**Information shown**:
###

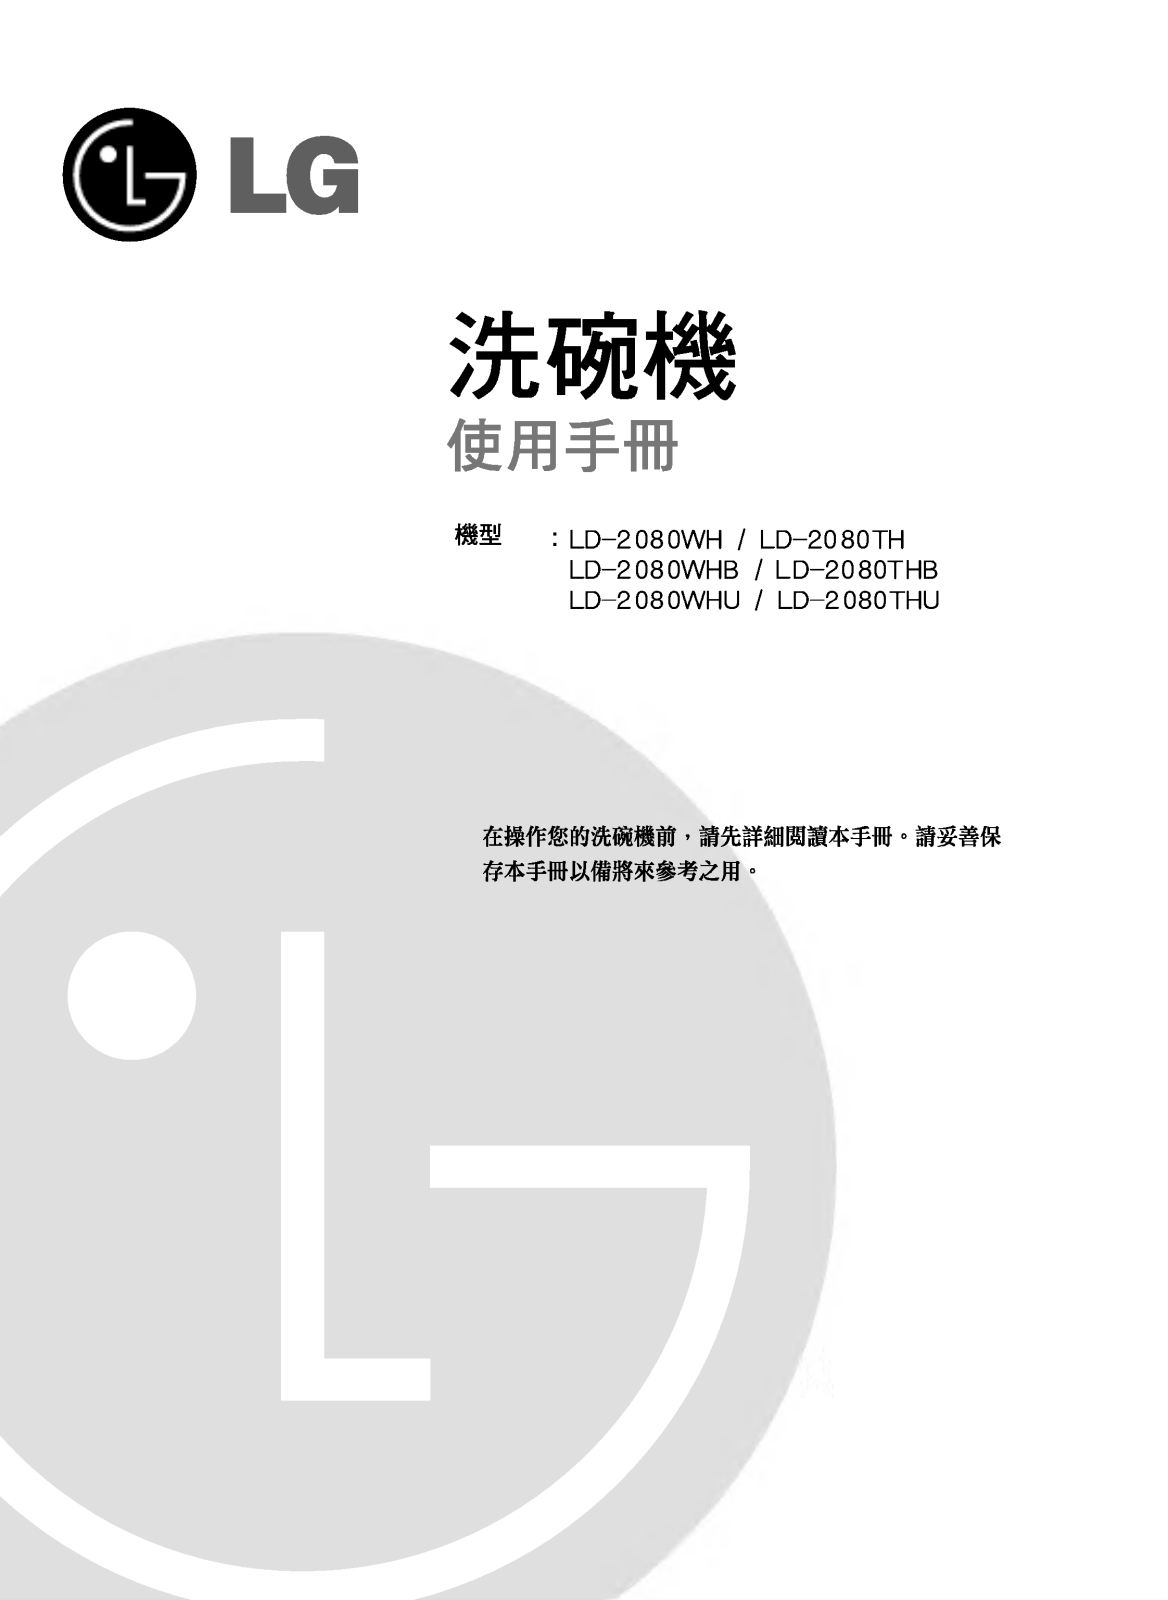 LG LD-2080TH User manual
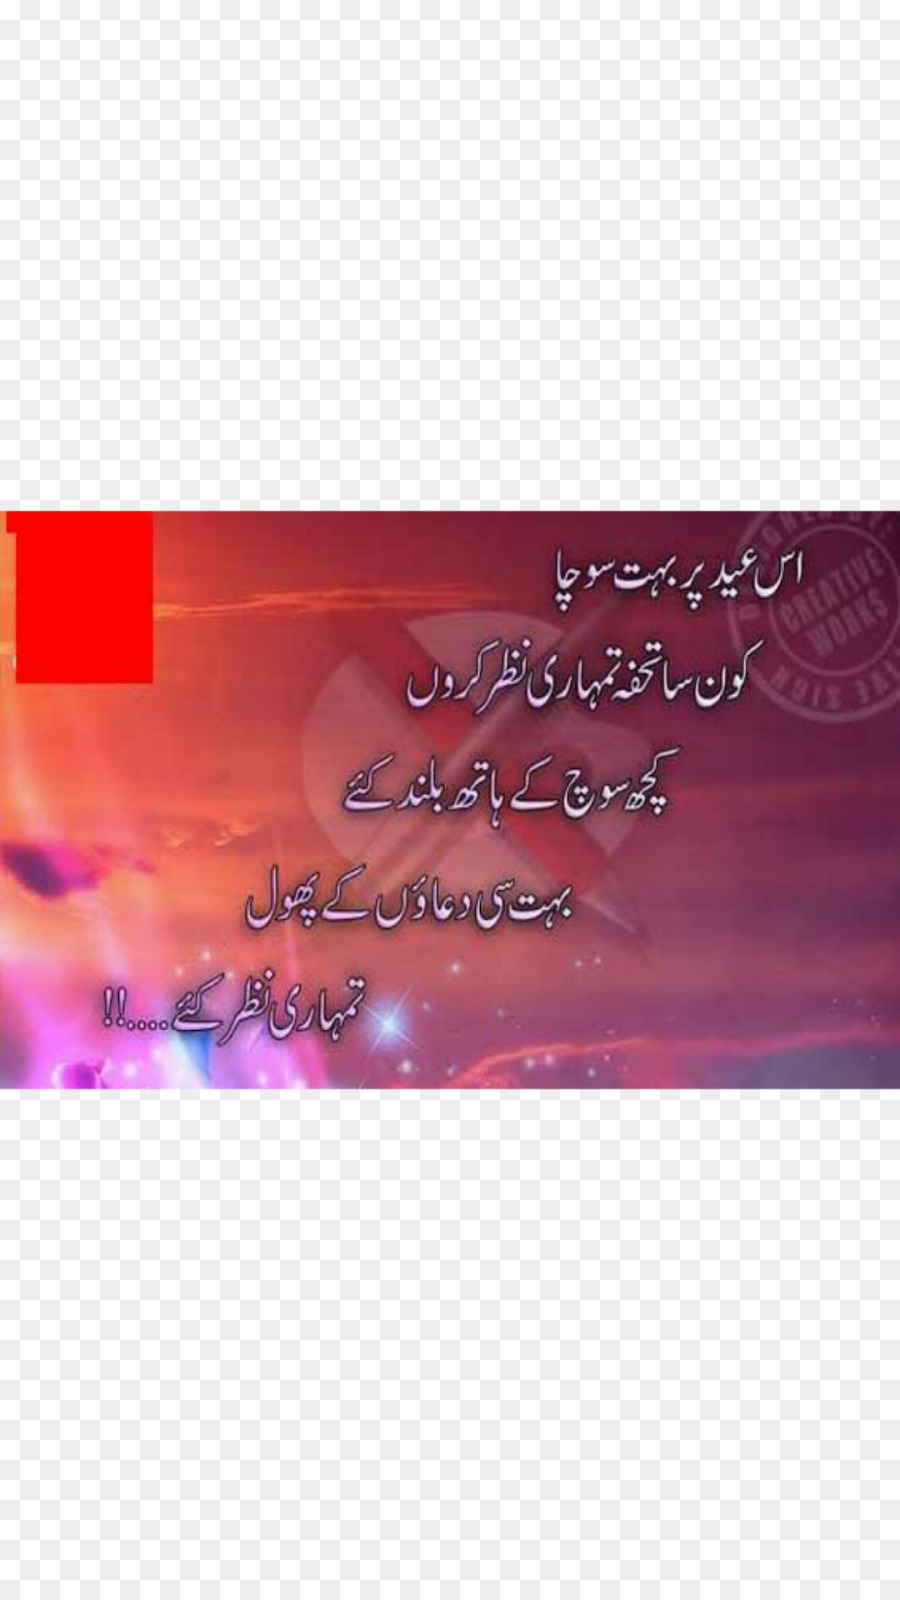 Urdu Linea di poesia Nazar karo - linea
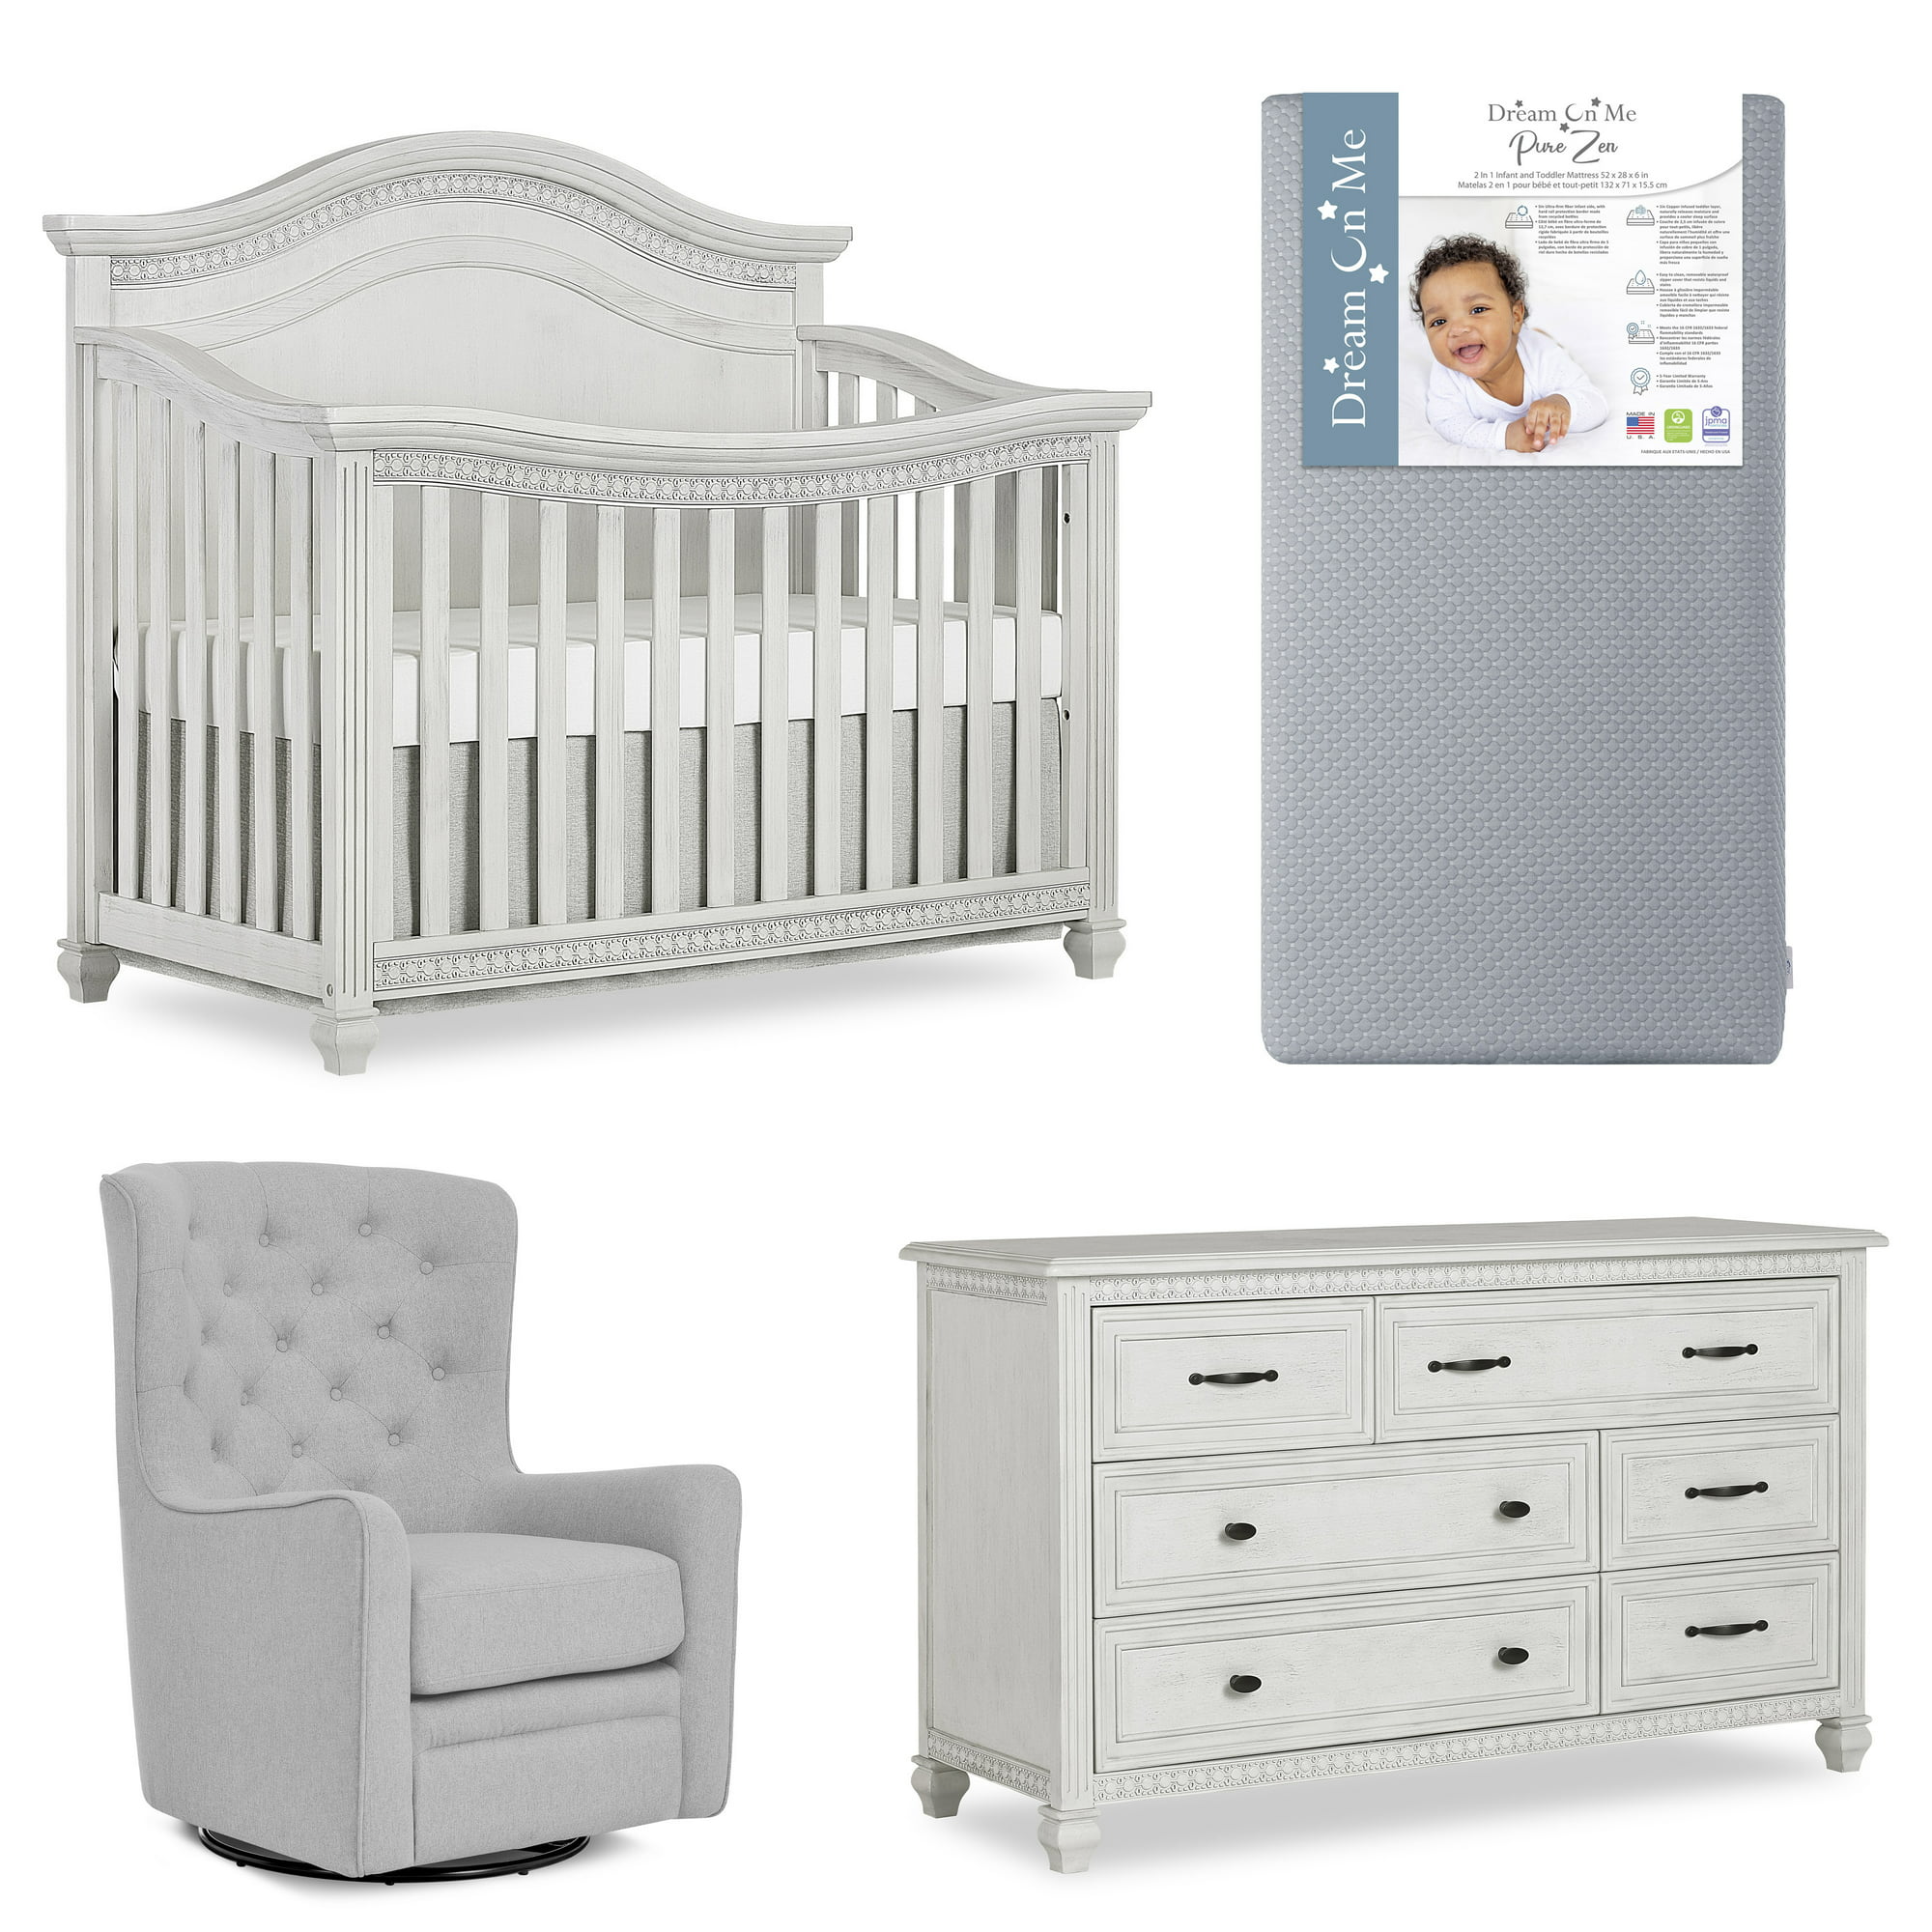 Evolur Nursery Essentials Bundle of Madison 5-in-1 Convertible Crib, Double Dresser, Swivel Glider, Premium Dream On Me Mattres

###

**What you have to do**: Repeat the material exactly and drop each image.

**Solution for this task**:
 LG LD-2080TH User manual
 Urdu Linea di poesia Nazar karo - linea
 Evolur Nursery Essentials Bundle of Madison 5-in-1 Convertible Crib, Double Dresser, Swivel Glider, Premium Dream On Me Mattres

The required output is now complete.